Re:Biggest tight wad of all time (Score:5, Informative)
I see you failed American History of the 20th century.
Progressivism as a political movement emerged in reference to a more general response to the vast changes brought by industrialization: an alternative to both the traditional conservative response to social and economic issues and to the various more radical streams of socialism and anarchism which opposed them.
Theodore Roosevelt, Wilson, FDR and LBJ are noted Progressives.

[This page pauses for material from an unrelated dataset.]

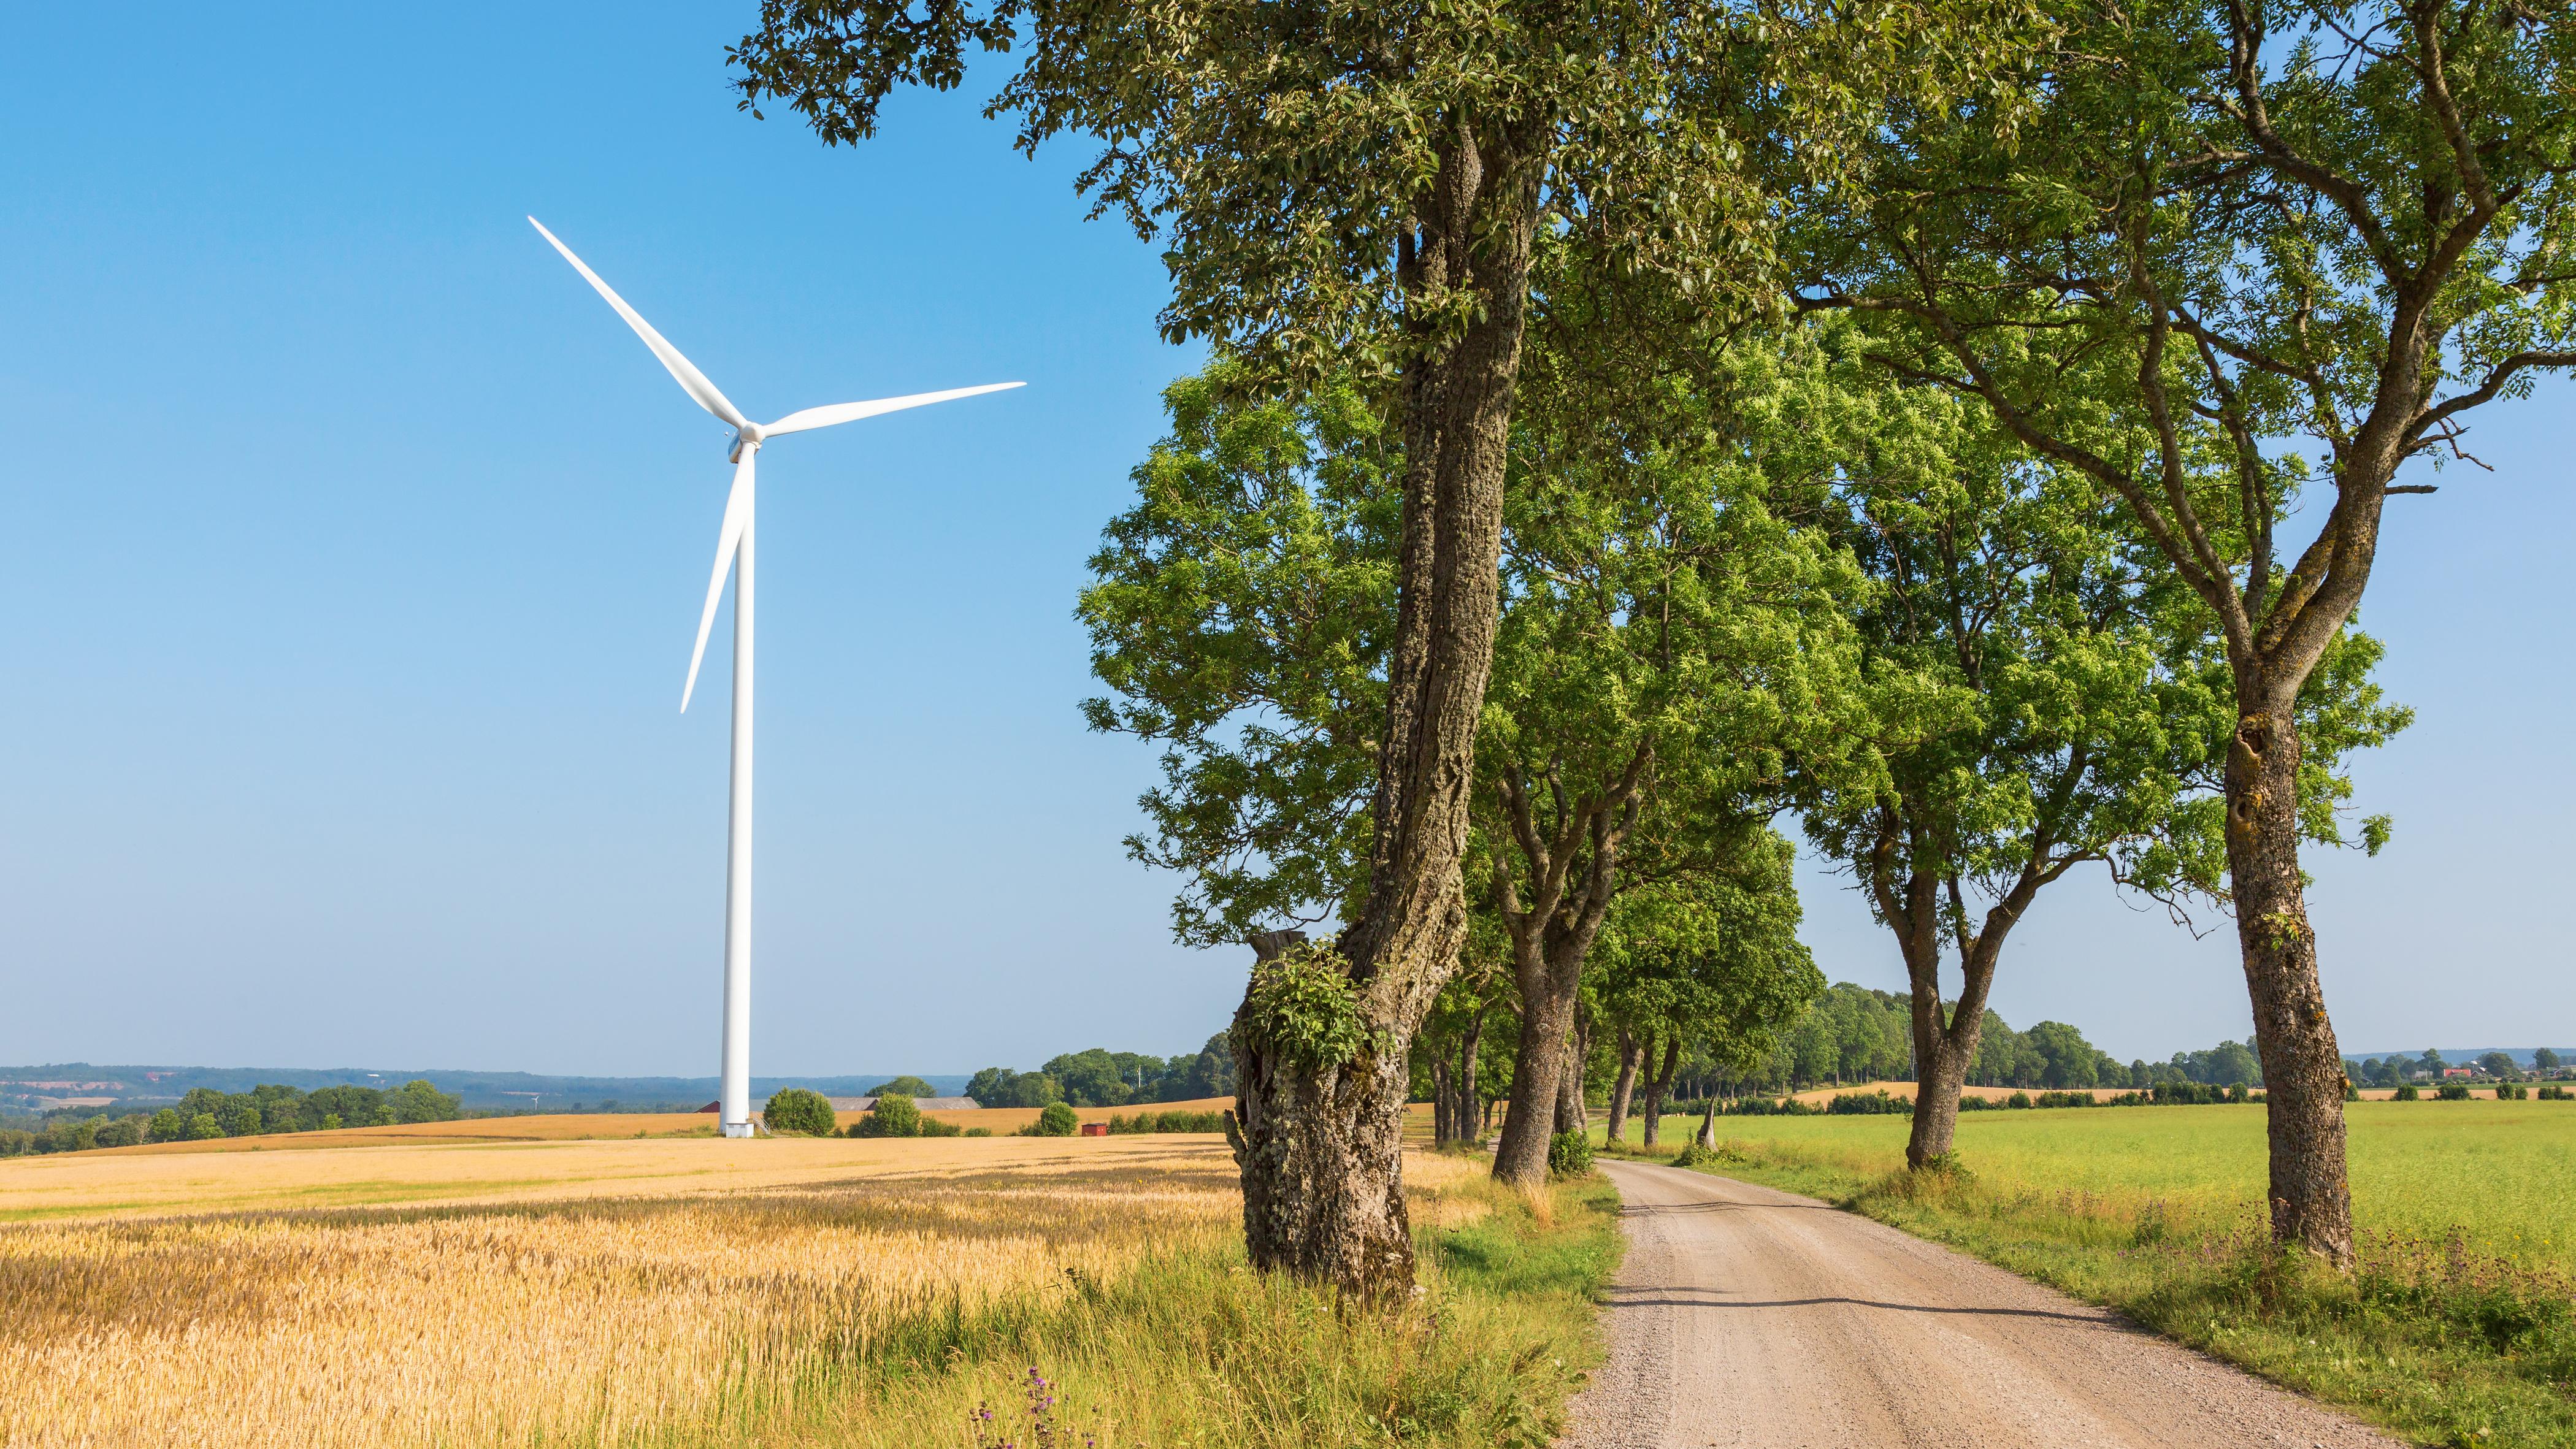 Grästorp Energi väljer P2P NB-IoT elmätare från Landis+Gyr vilket ger driftsäkerhet, förutsägbarhet och ett fast pris för kommunikationen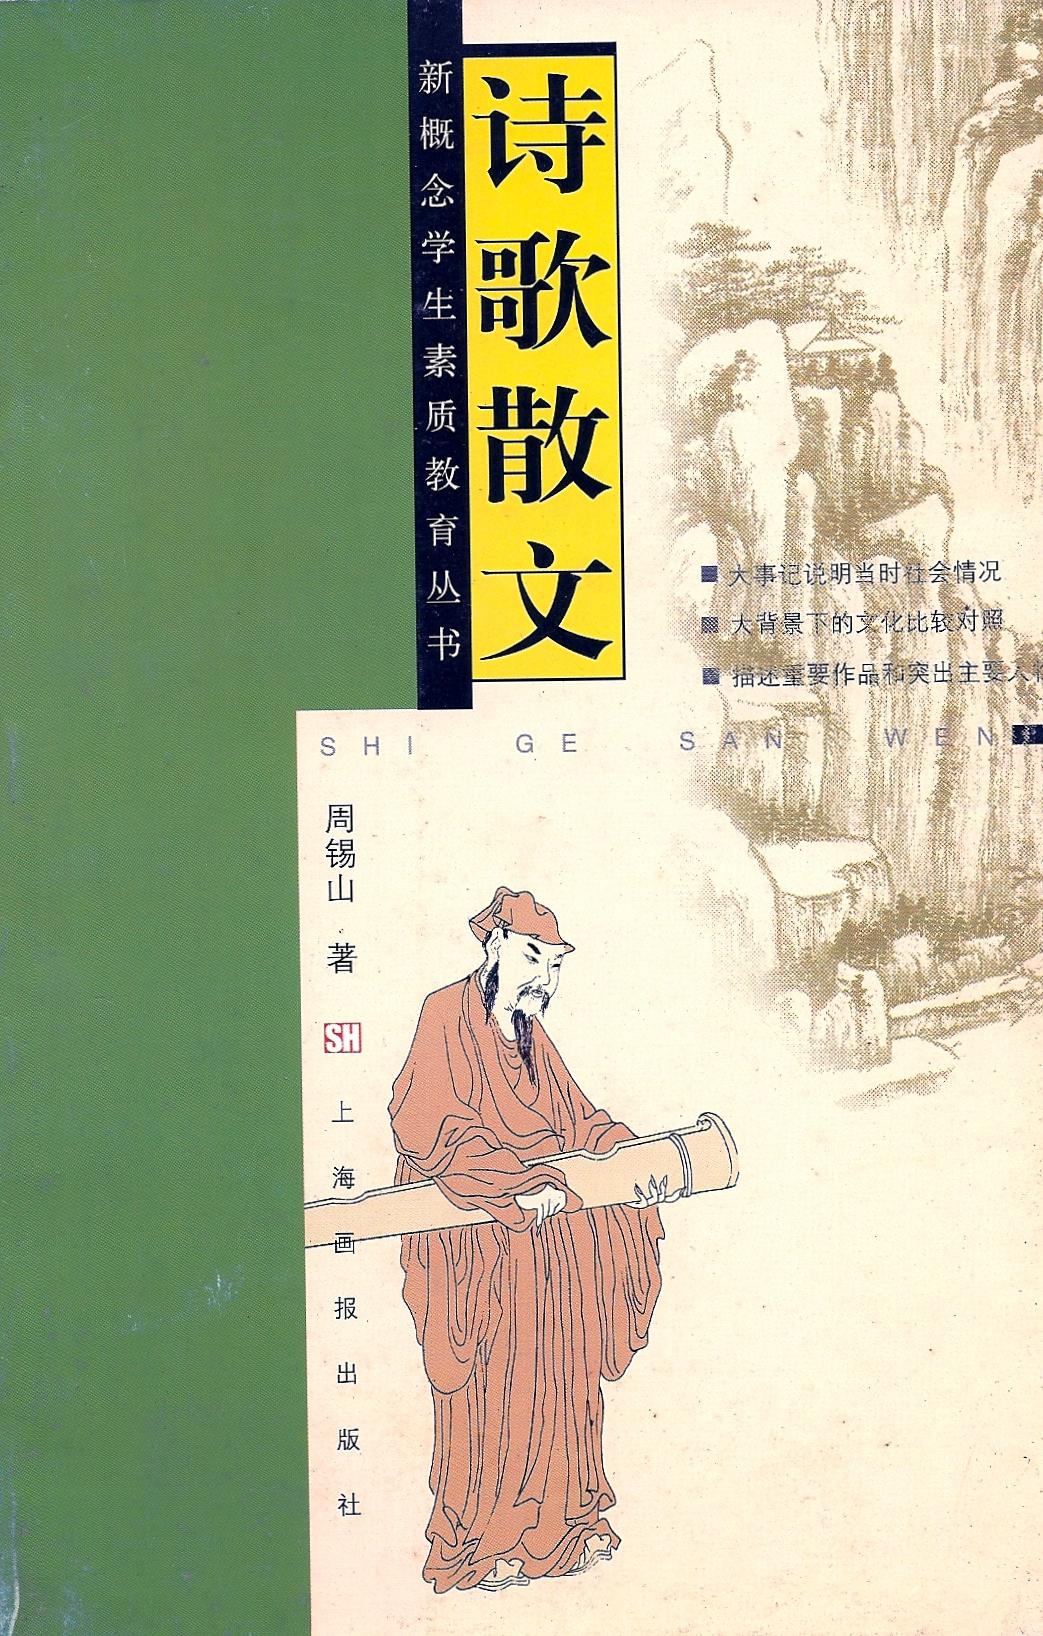 中国诗歌散文卷

I believe that the Estate Tax system, even if the Bush cuts are repealed, will not lead to all of an estate's wealth going to the government, at the same time with an Estate Tax, it does not create a noble class of ultra wealthy land owners. I don't see government spending and welfare as an evil.
Reasonable tax regimes don't lead to the abolishment of private property, the 1950s saw the highest post-WW2 tax rates in the United States and also the lowest unemployment rates.
A progressive tax is a tax by which the tax rate increases as the taxable base amount increases. Income taxes are progressive as are Estate Taxes, sales taxes are regressive in that everyone pays the same percentage, leading to the poor paying a greater share of their disposable income.
So in no way does "progressive", either in politics or tax systems mean theft.
Re:Biggest tight wad of all time (Score:4, Informative)
You call people thieves and hacks, but then tell others THEY won't be polite?
you Hypocritical ass.
Government spend has ALWAYS created jobs. It is the only way ever to get us out of any recession.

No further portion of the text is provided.